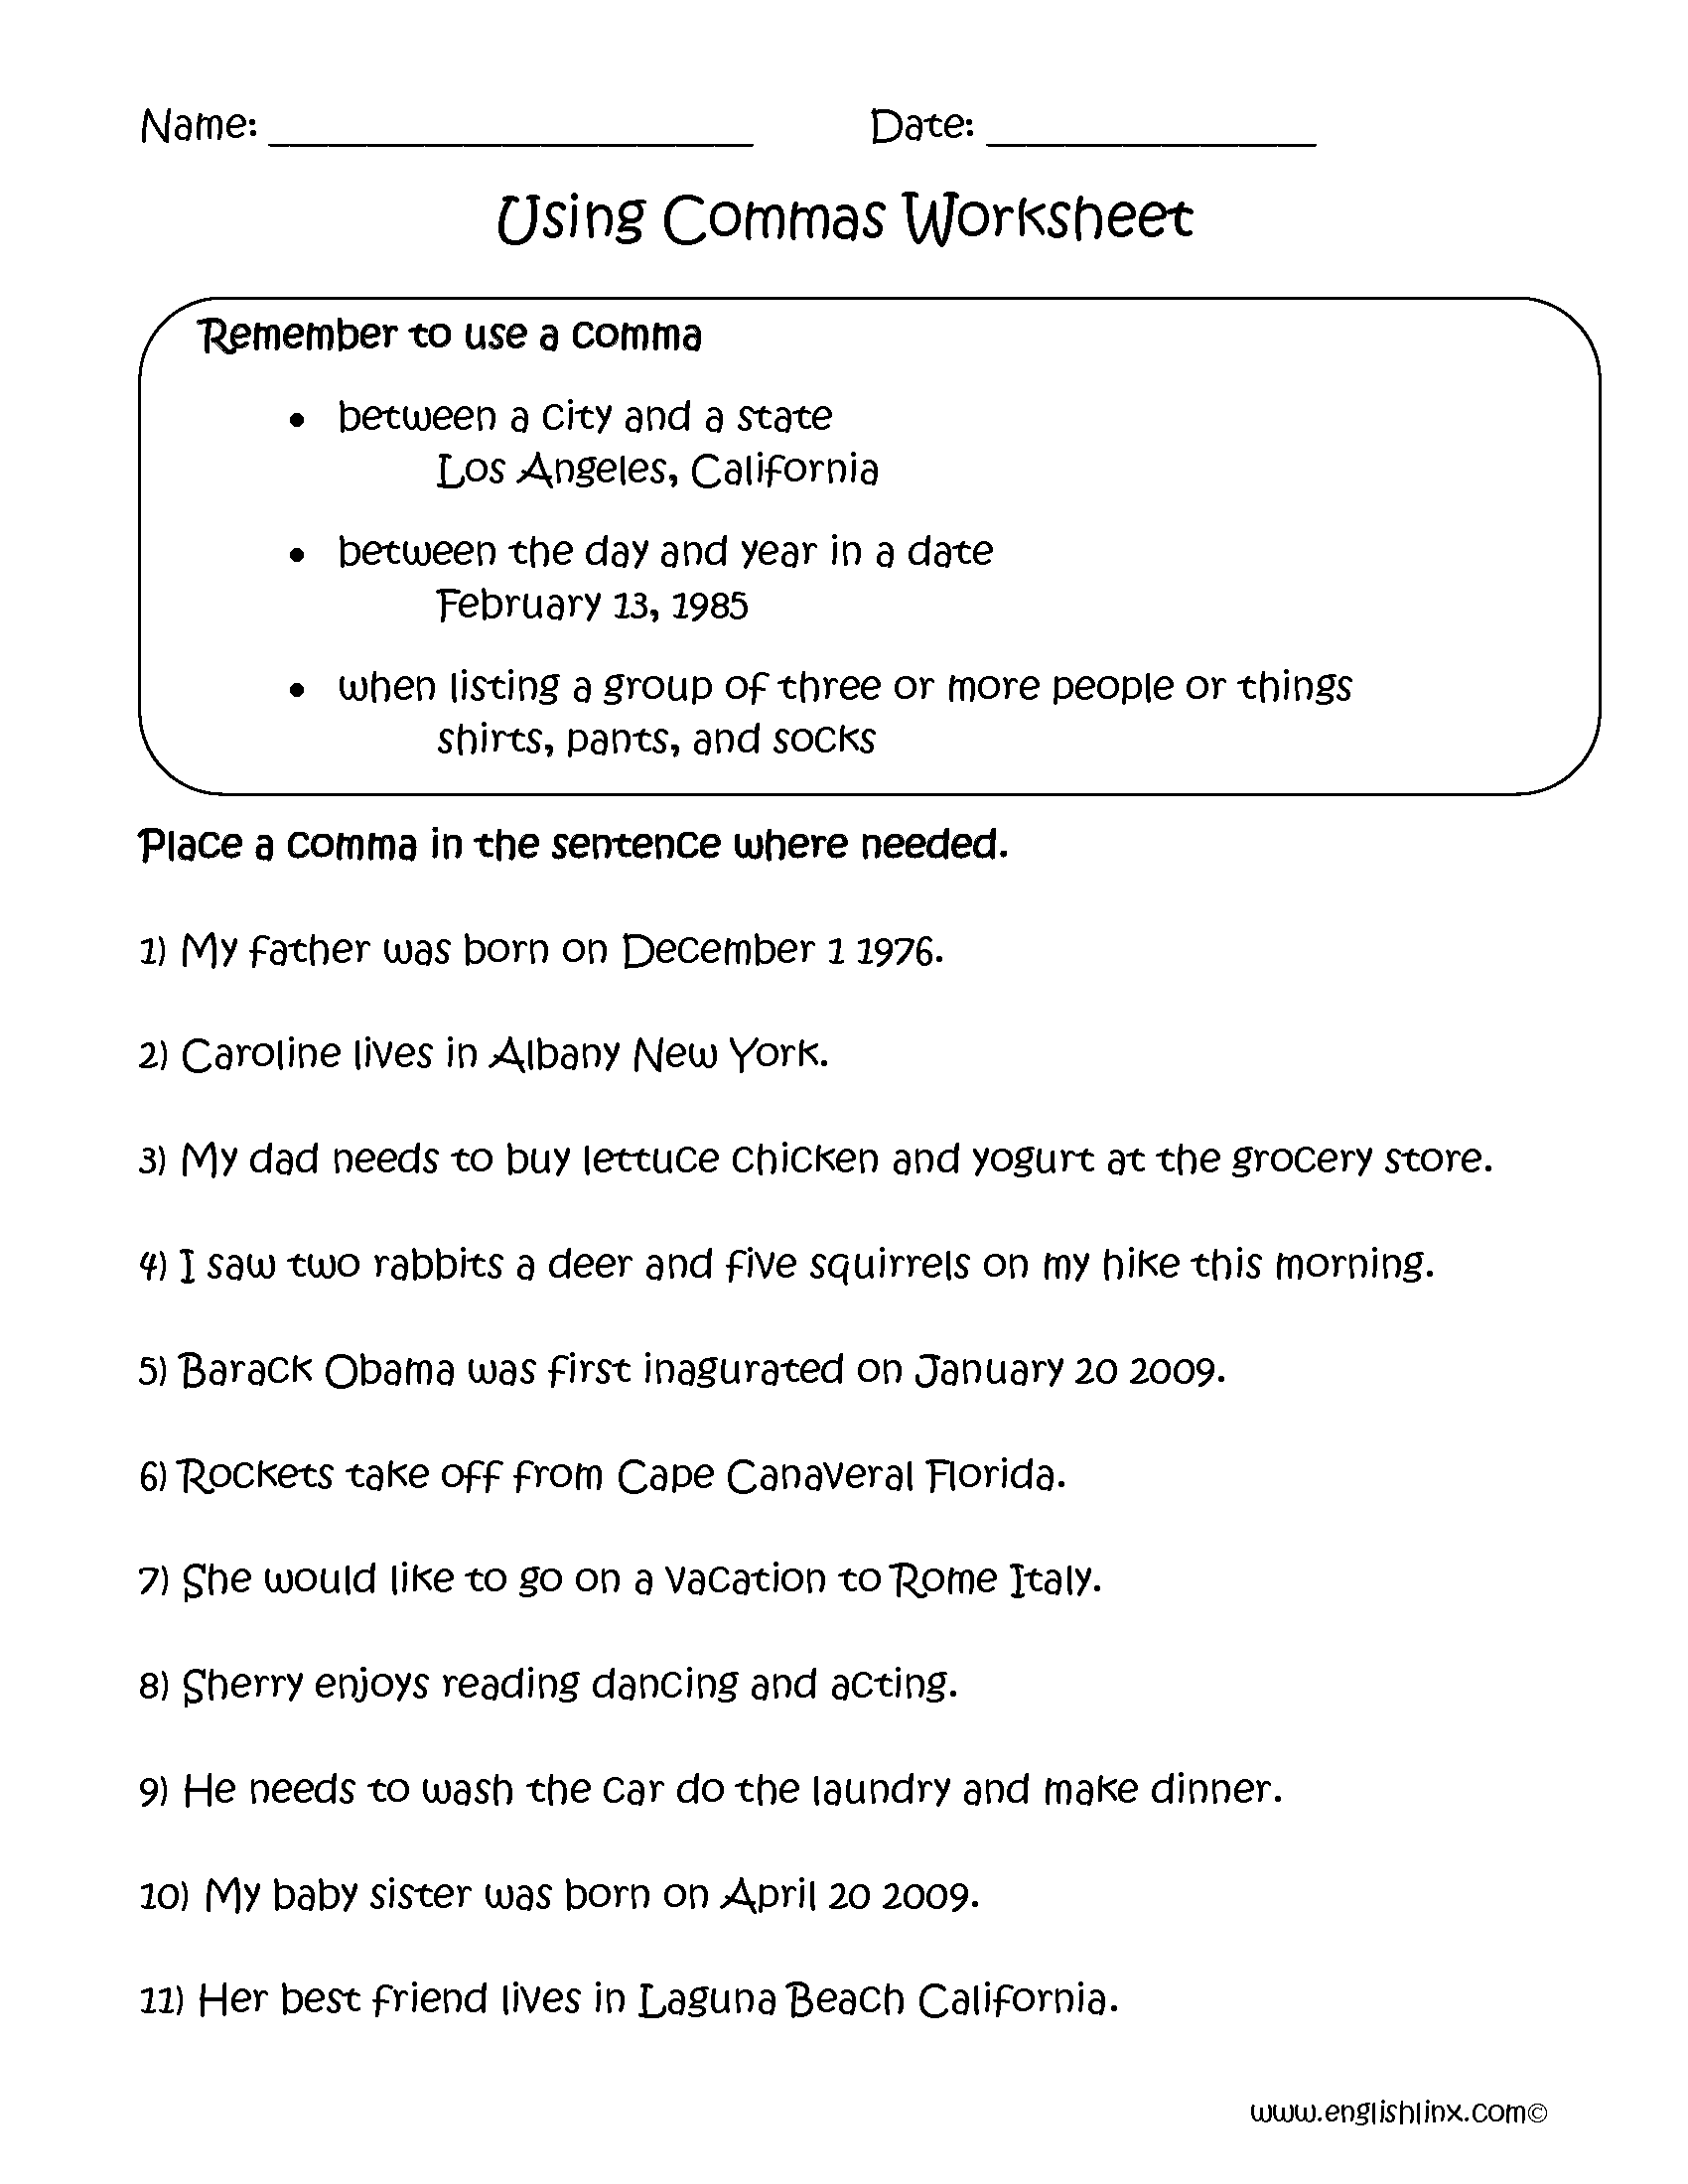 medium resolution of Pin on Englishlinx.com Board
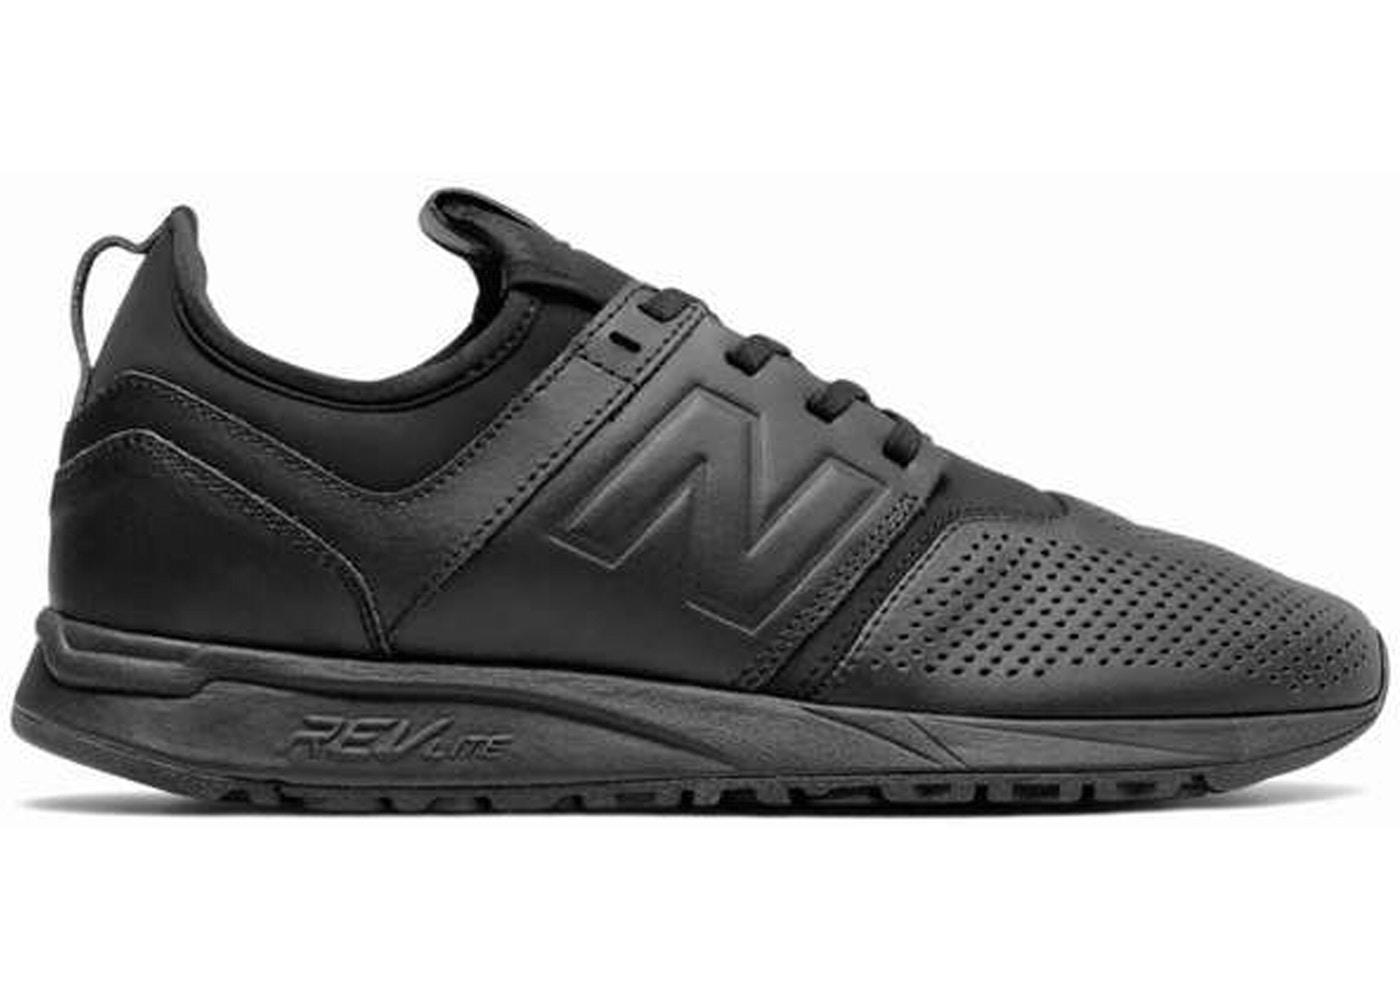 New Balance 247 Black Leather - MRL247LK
* * *
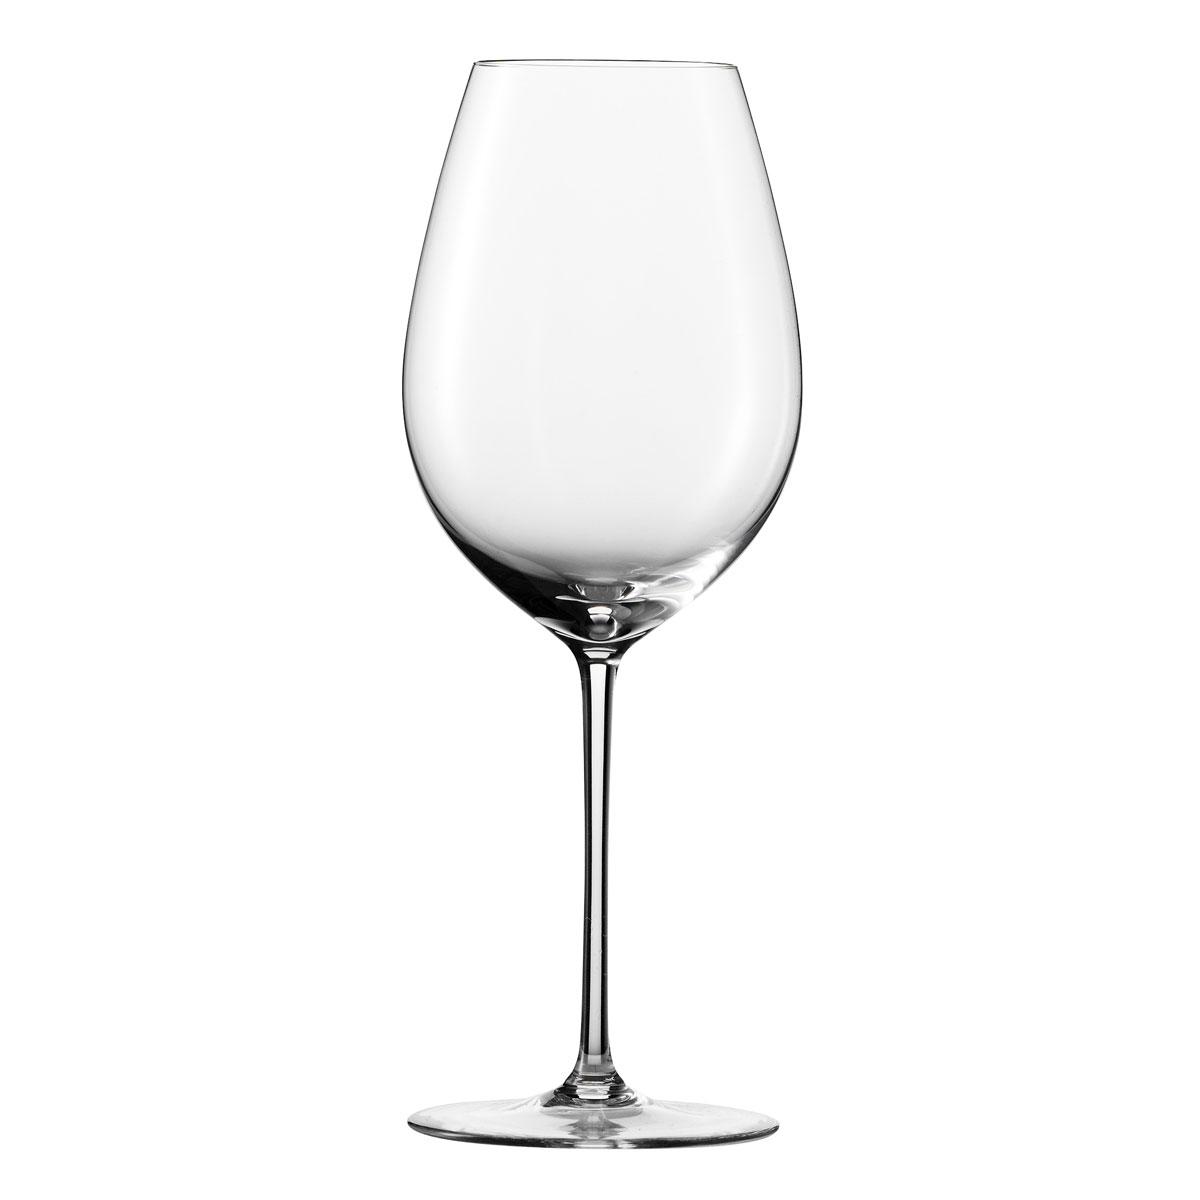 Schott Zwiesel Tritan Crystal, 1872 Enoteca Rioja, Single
* * *
Assigned task: Using the data above, set down each line from the line with "medium resolution of" to the line with "New Balance 247 Black Leather - MRL247LK" exactly, both ends included, and leave the pictures behind. Nothing else belongs.

Solution for this problem:
 medium resolution of Pin on Englishlinx.com Board
 New Balance 247 Black Leather - MRL247LK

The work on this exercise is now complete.